Both graph structures fail to satisfy the strong Hex theorem. The 4-neighbor square grid allows a no-winner situation, and the 8-neighbor square grid allows a two-winner situation. Consequently, connectedness properties in $\R^2$, such as the Jordan curve theorem, do not generalize to $\Z^2$ under either graph structure.

If the "6-neighbor square grid" structure is imposed on $\Z^2$, then it is the hexagonal grid, and thus satisfies the strong Hex theorem, allowing the Jordan curve theorem to generalize. For this reason, when computing connected components in a binary image, the 6-neighbor square grid is generally used.

==== Steinhaus chessboard theorem ====
The Steinhaus chessboard theorem in some sense shows that the 4-neighbor grid and the 8-neighbor grid "together" implies the Jordan curve theorem, and the 6-neighbor grid is a precise interpolation between them.

The theorem states the following: suppose you put bombs on some squares on a $n\times n$ chessboard, so that a king cannot move from the bottom side to the top side without stepping on a bomb, then a rook can move from the left side to the right side stepping only on bombs.

== History and further proofs ==

The statement of the Jordan curve theorem may seem obvious at first, but it is a rather difficult theorem to prove.

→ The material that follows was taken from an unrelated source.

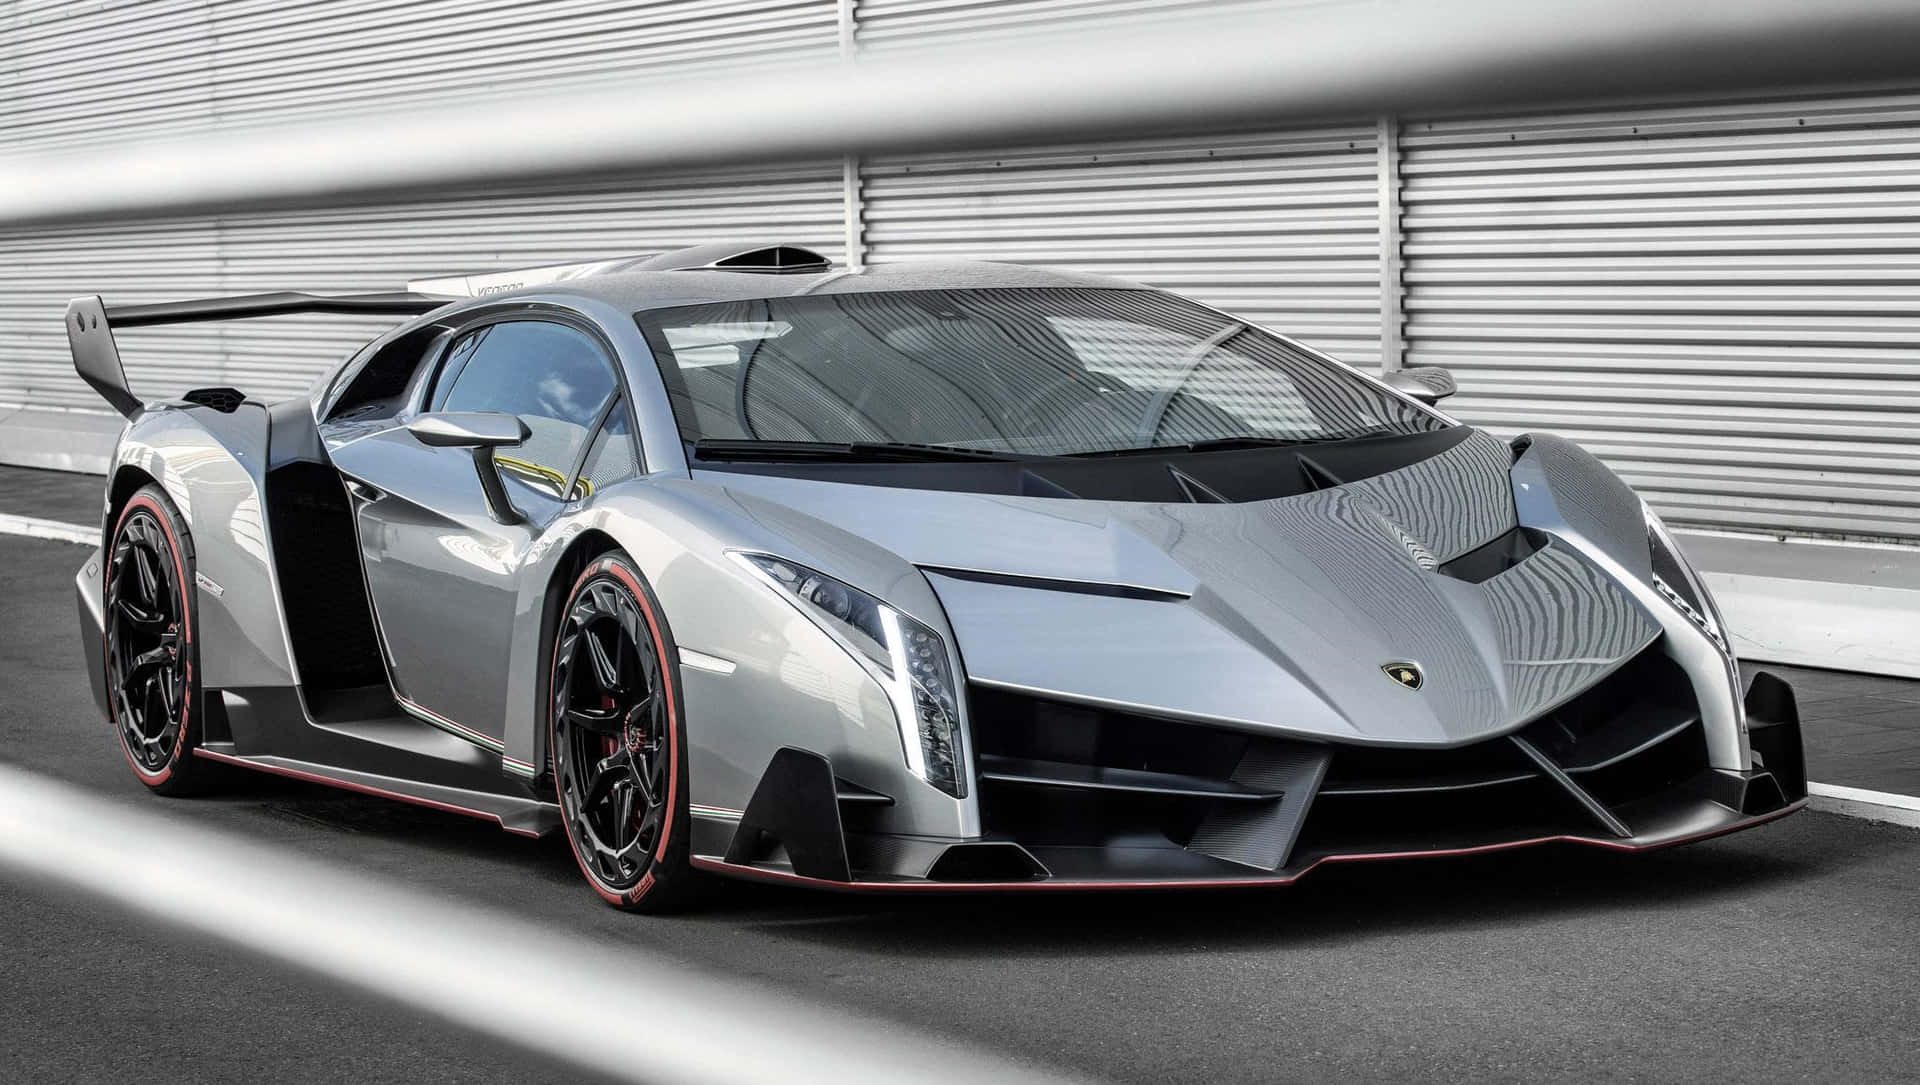 Sleek and Powerful Lamborghini Veneno Wallpaper

Bernard Bolzano was the first to formulate a precise conjecture, observing that it was not a self-evident statement, but that it required a proof.
It is easy to establish this result for polygons, but the problem came in generalizing it to all kinds of badly behaved curves, which include nowhere-differentiable curves, such as the Koch snowflake and other fractal curves, or even a Jordan curve of positive area constructed by Osgood (1903).

The first proof of this theorem was given by Camille Jordan in his lectures on real analysis, and was published in his book Cours d'analyse de l'École Polytechnique. There is some controversy about whether Jordan's proof was complete: the majority of commenters on it have claimed that the first complete proof was given later by Oswald Veblen, who said the following about Jordan's proof:

His proof, however, is unsatisfactory to many mathematicians. It assumes the theorem without proof in the important special case of a simple polygon, and of the argument from that point on, one must admit at least that all details are not given.

However, Thomas C. Hales wrote:

Nearly every modern citation that I have found agrees that the first correct proof is due to Veblen... In view of the heavy criticism of Jordan’s proof, I was surprised when I sat down to read his proof to find nothing objectionable about it. Since then, I have contacted a number of the authors who have criticized Jordan, and each case the author has admitted to having no direct knowledge of an error in Jordan’s proof.

Hales also pointed out that the special case of simple polygons is not only an easy exercise but was not really used by Jordan anyway, and quoted Michael Reeken as saying:
Jordan’s proof is essentially correct... Jordan’s proof does not present the details in a satisfactory way. But the idea is right, and with some polishing the proof would be impeccable.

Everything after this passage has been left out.